Patterns that automated scanners, AI-assisted analysers and human reviewers repeatedly report against Camel that are not framework vulnerabilities under this model. Each entry names the recurring claim, cites the section of this document that discharges it, and where appropriate states the suppression shape. This list is the highest-leverage input for an automated triage pass; it can be fed back to a scanner verbatim as a negative prompt or suppression configuration. Disposition is KNOWN-NON-FINDING (see Triage dispositions).

  • "Component X depends on a JAR with CVE-Z, therefore Camel is vulnerable." Out of scope per the transitive-dependency entry in Out of scope. Camel fixes CVEs in Camel code, not in third-party JARs; the report belongs upstream. Camel may upgrade the dependency to pick up an upstream fix, but the CVE itself is closed against the upstream project.

  • "`simple(…​), `xpath(…​), groovy(…​), jexl(…​) or mvel(…​) evaluates an untrusted expression." The expression text is route-author code, not untrusted input. The framework is in scope only when it passes an Exchange body, header or property to an evaluator without the route author placing an expression there - the first invariant under Core router-engine invariants. Otherwise this is the route-author entry in Out of scope.

  • "`.bean(…​), `.process(…​), Runtime.exec(…​) or a Class reference allows RCE." These are route-author primitives by design. Route code is trusted code; see the route-author entry in Out of scope and the route-author row in Roles.

  • "A Camel / org.apache.camel. header controls dispatch, therefore the consumer is vulnerable." Bean-based dispatch via internal headers is the public contract for letting a route control component behaviour; see the second bullet under Known limitations. A finding is in scope only when a consumer promotes an untrusted-origin value into that namespace without an effective HeaderFilterStrategy - the Camel-header / bean-dispatch class under In-scope vulnerability classes.

  • "Application-level header X (To, Subject, HTTP X-…​, JMS property, AMQP / MQTT / CoAP / Kafka header) is not stripped, therefore the consumer is vulnerable." Application-level headers are part of each component’s documented header contract and are intentionally passed through; the framework filters only the internal Camel* namespace. See the third bullet under Known limitations and the application-headers point under Security properties not provided. The route author sanitises at the trust boundary.
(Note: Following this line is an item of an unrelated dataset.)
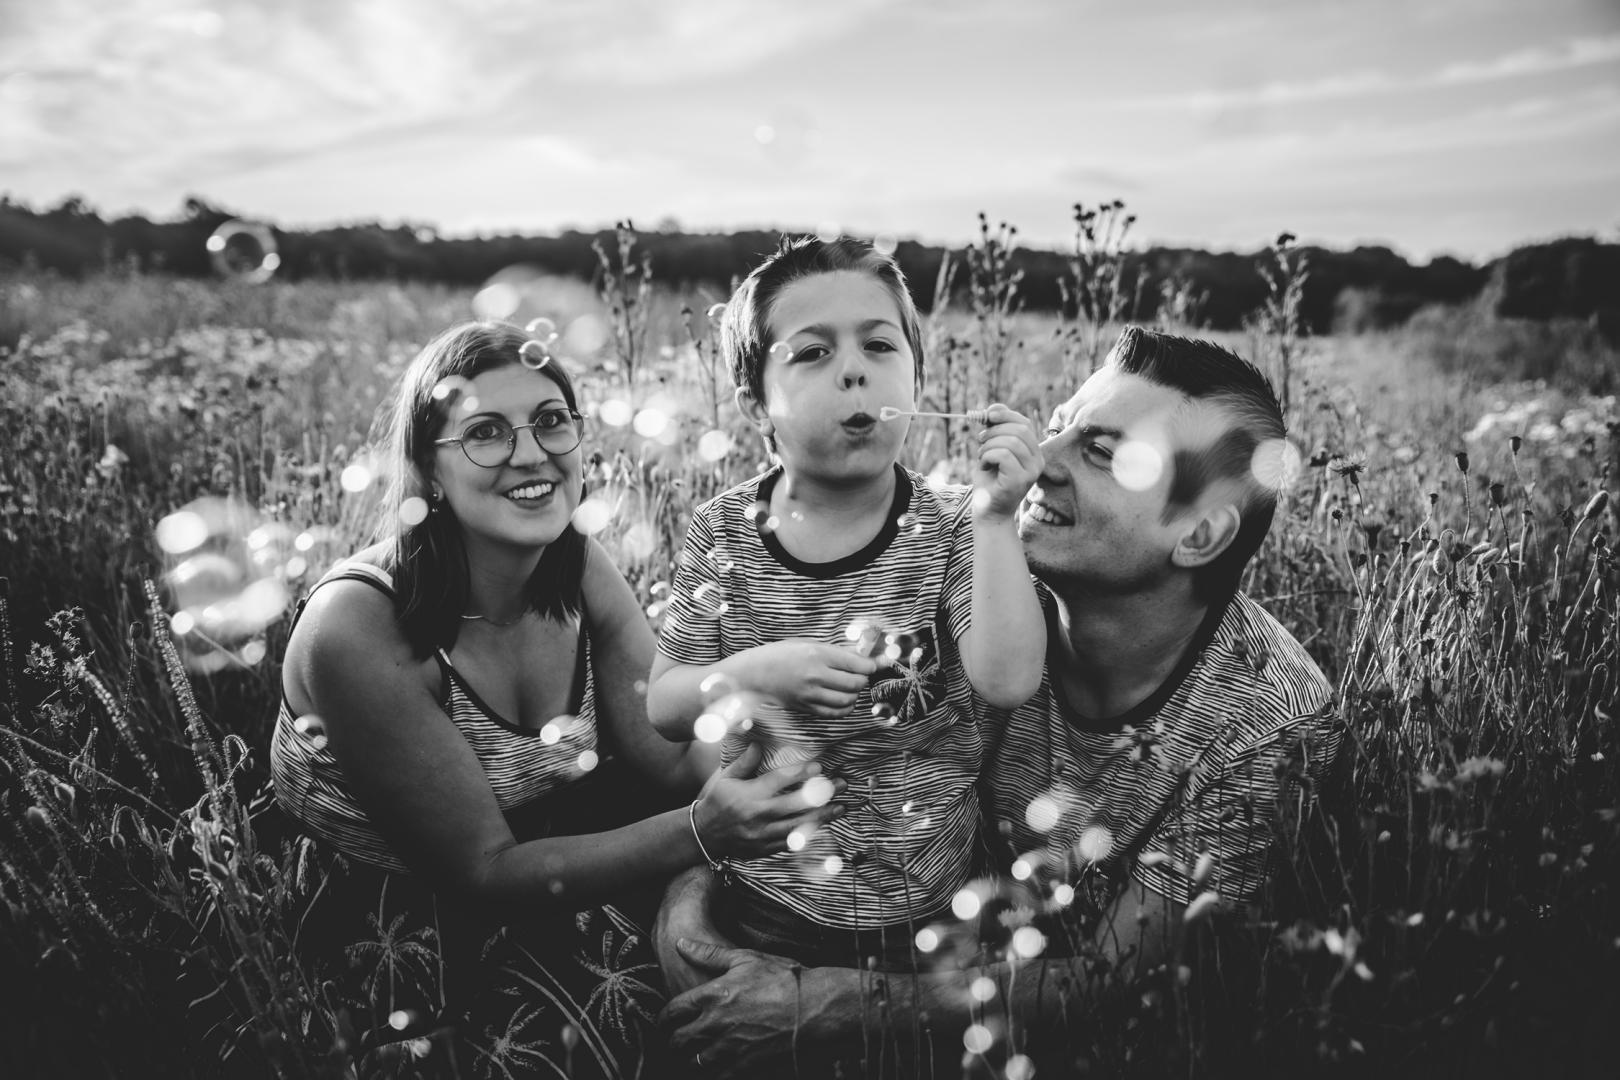 Photographe Famille Mulhouse - Photographe Famille Haut-Rhin - Photographe Famille Alsace - Photographe enfant Mulhouse- Bertrand DISDIER

  • "`DefaultHeaderFilterStrategy` can be bypassed by changing the case (caMEL, CAMEL)." The default strategy is case-insensitive out of the box (Camel, CAMEL and caMEL are filtered identically); see the third bullet under Known limitations. A finding here would have to demonstrate a custom strategy that does not extend DefaultHeaderFilterStrategy and re-implements the matching without case-insensitivity - and the fix lives in that custom strategy.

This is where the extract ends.